The Minister has suggested that 30 packets for a month can be dispatched to a beneficiary through the postal department.
Take-home rations include wheat, soya and sugar.
Food-based approach agriculture is likely to get a boost and local employment generation is expected to rise. “Every child is not a sick child. Only some SAM children are sick and need special food. If healthy children are given are at the risk of getting malnourished if they don’t get adequate diet and that is what we should be trying to provide”.
Way ahead:
The need of the hour is to involve all field functionaries in a productive manner. Consistent monitoring and evaluation of the schemes using technological interventions and real-time data is also important. There is also a need to provide leverage budgets from related departments to develop an integrated plan with cross-sectoral collaboration to achieve nutrition-related targets.
Need for a nodal agency:
Despite thousands of crores of rupees being spent and a number of government schemes working for child development, the status of health and nutrition of children in the country remains abysmal. All nutrition-specific and nutrition-sensitive schemes work in silos. As a result, they are not able to achieve the intended outcome. Therefore, the establishment of a nodal agency that would facilitate coordination of all ministries and departments and execute the schemes in a convergent manner is urgently required.
Conclusion:
Money will continue for ICDS and other schemes will also continue. There is no dearth of schemes but lack of creating synergy and linking the schemes with each other to achieve common goal.

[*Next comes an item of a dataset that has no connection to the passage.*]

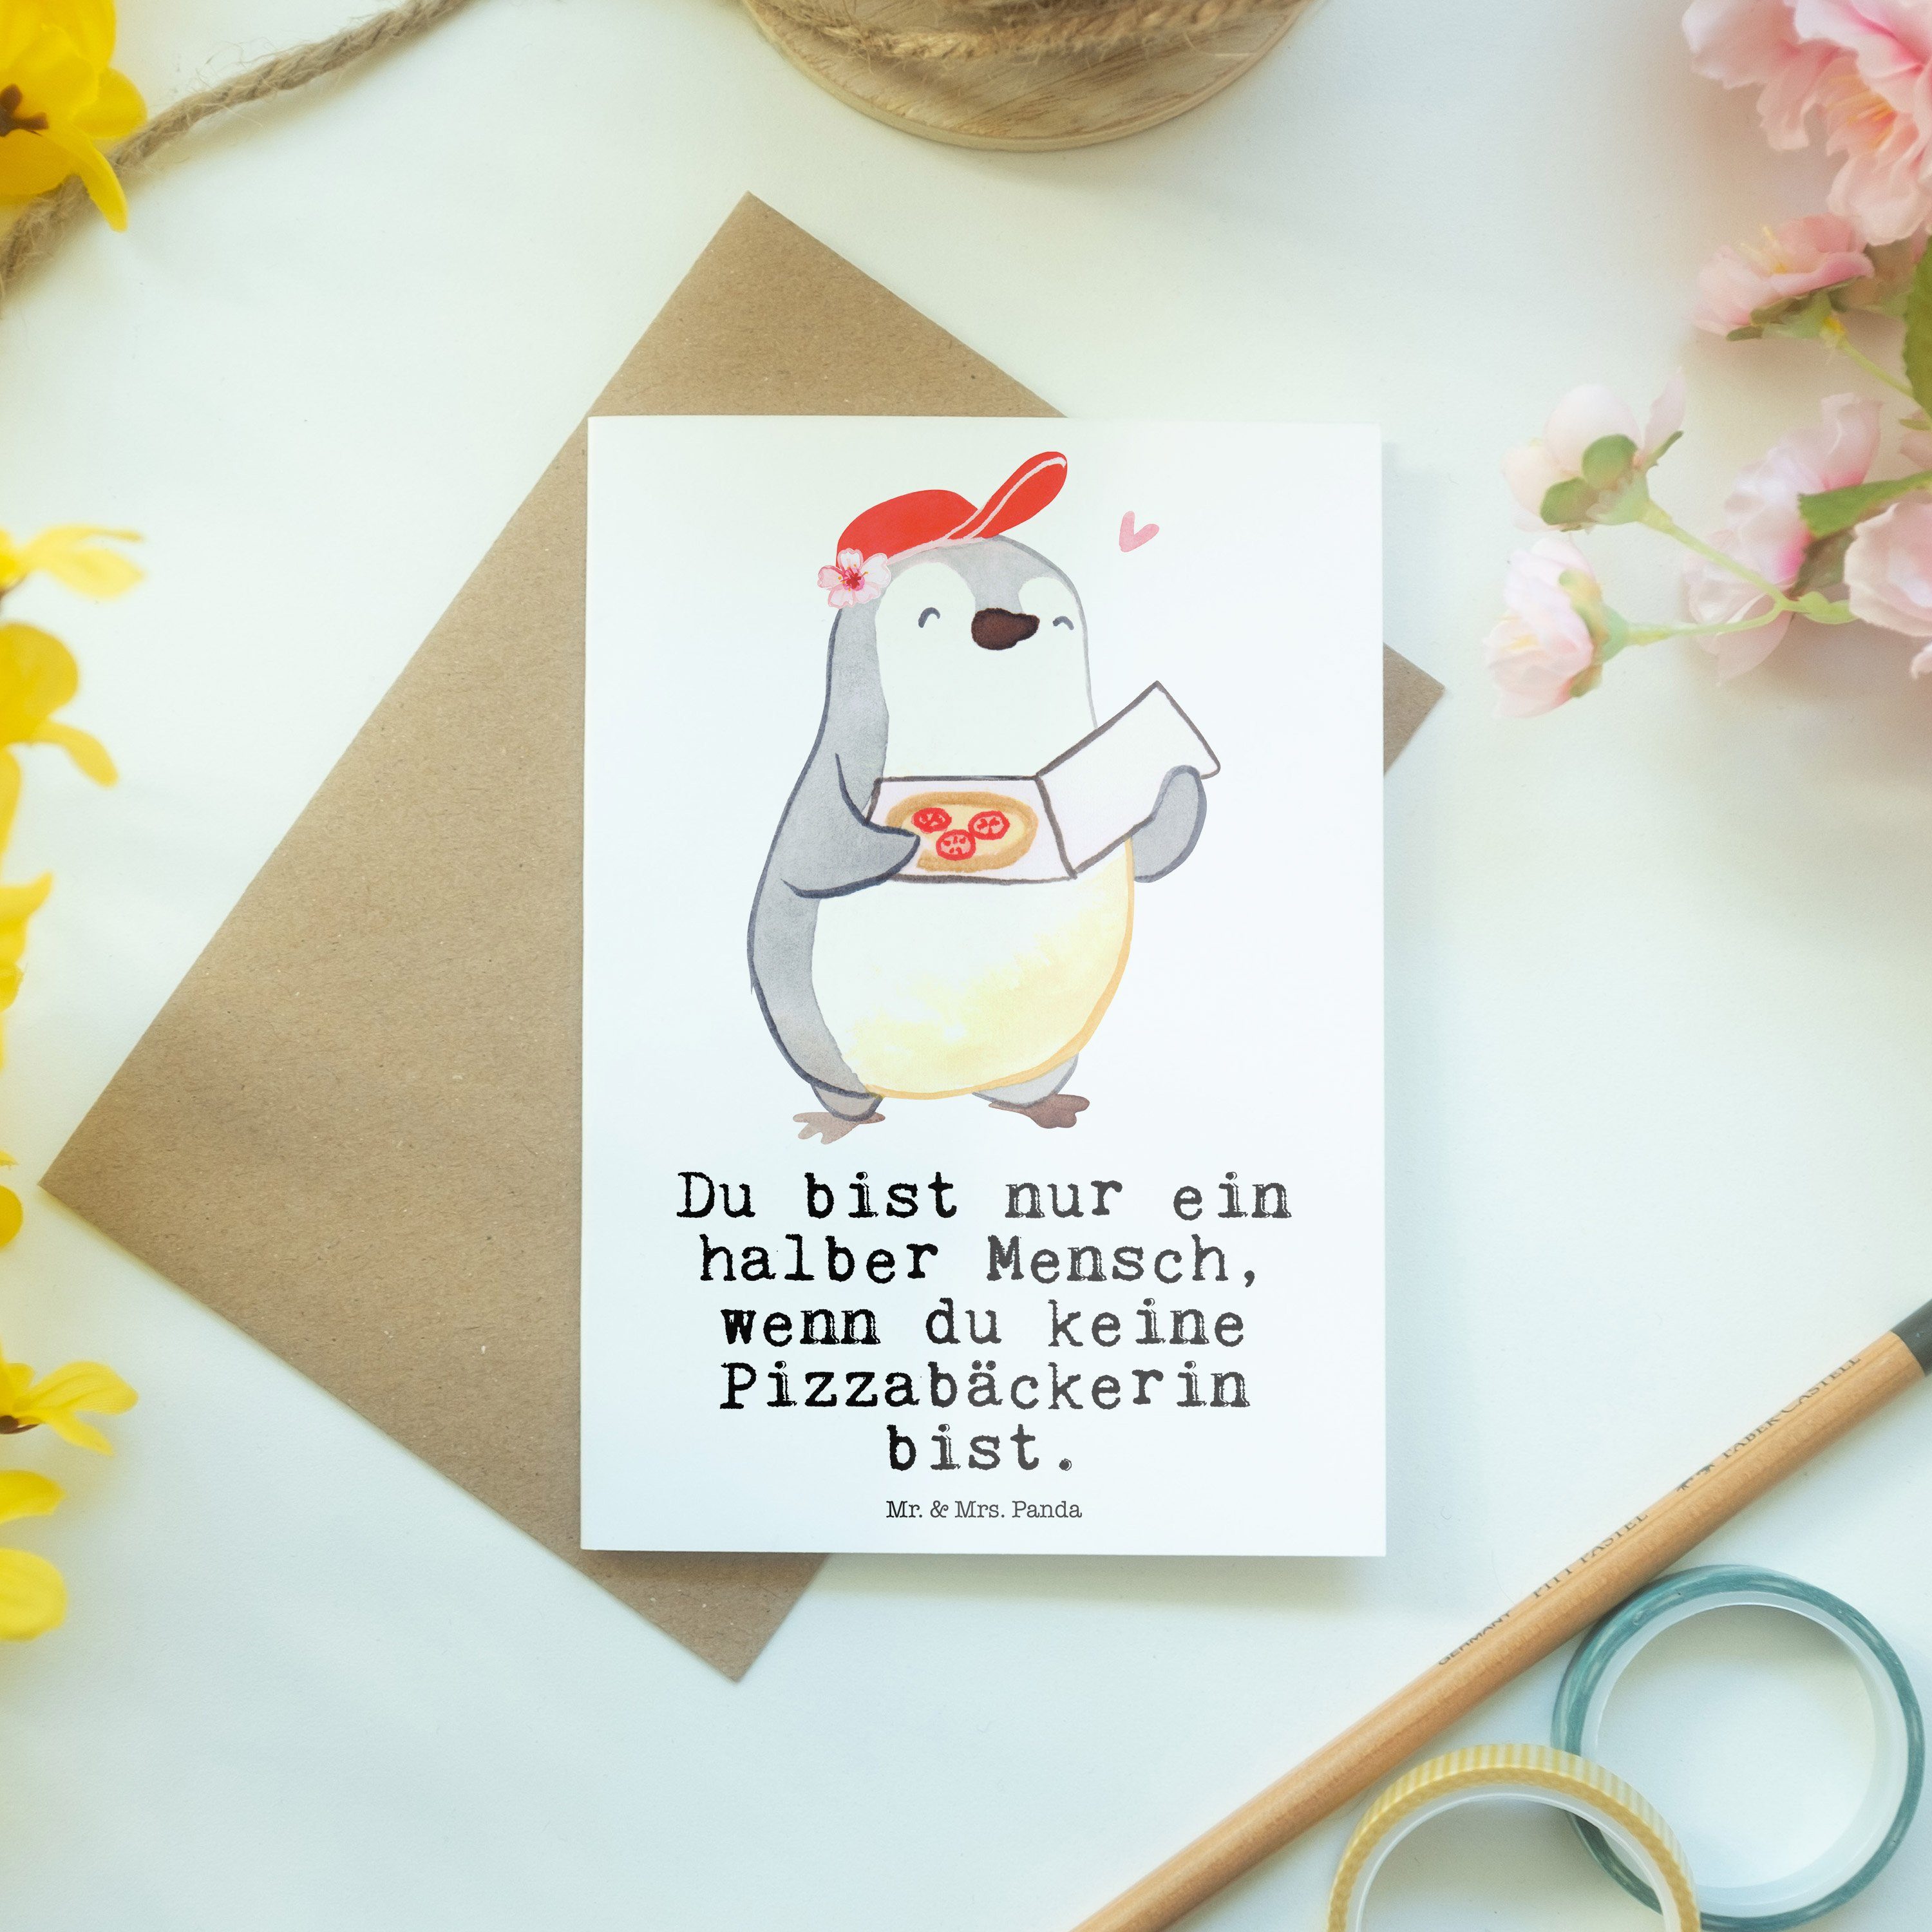 Mr. & Herz - Panda Weiß - Grußkarte mit Geschenk, Pizzabäckerin Klappkart Geburtstagskarte, Mrs.

National Nutrition Mission through robust convergence mechanism and other components would strive to create the synergy.
Addressing the problem:
- Innovative and successful schemes from different states should be adopted on national level. Like the PHULWARI scheme of Chhattisgarh aims to curb malnutrition by providing balanced and nutritious diets to women of infants and children every day.
- Creating awareness, about the right nutrition.
- Educating mothers about the importance of breastfeeding, informing about immunization
- Popularizing nutritional programmes providing iron folic tablets.
- Effective antenatal care.
Malnutrition makes a large section of society susceptible to diseases and drags them out from contributing in the national progress. The need is to effectively tackle the issue by strengthening government programmes and involve civil society and NGOs to help the cause.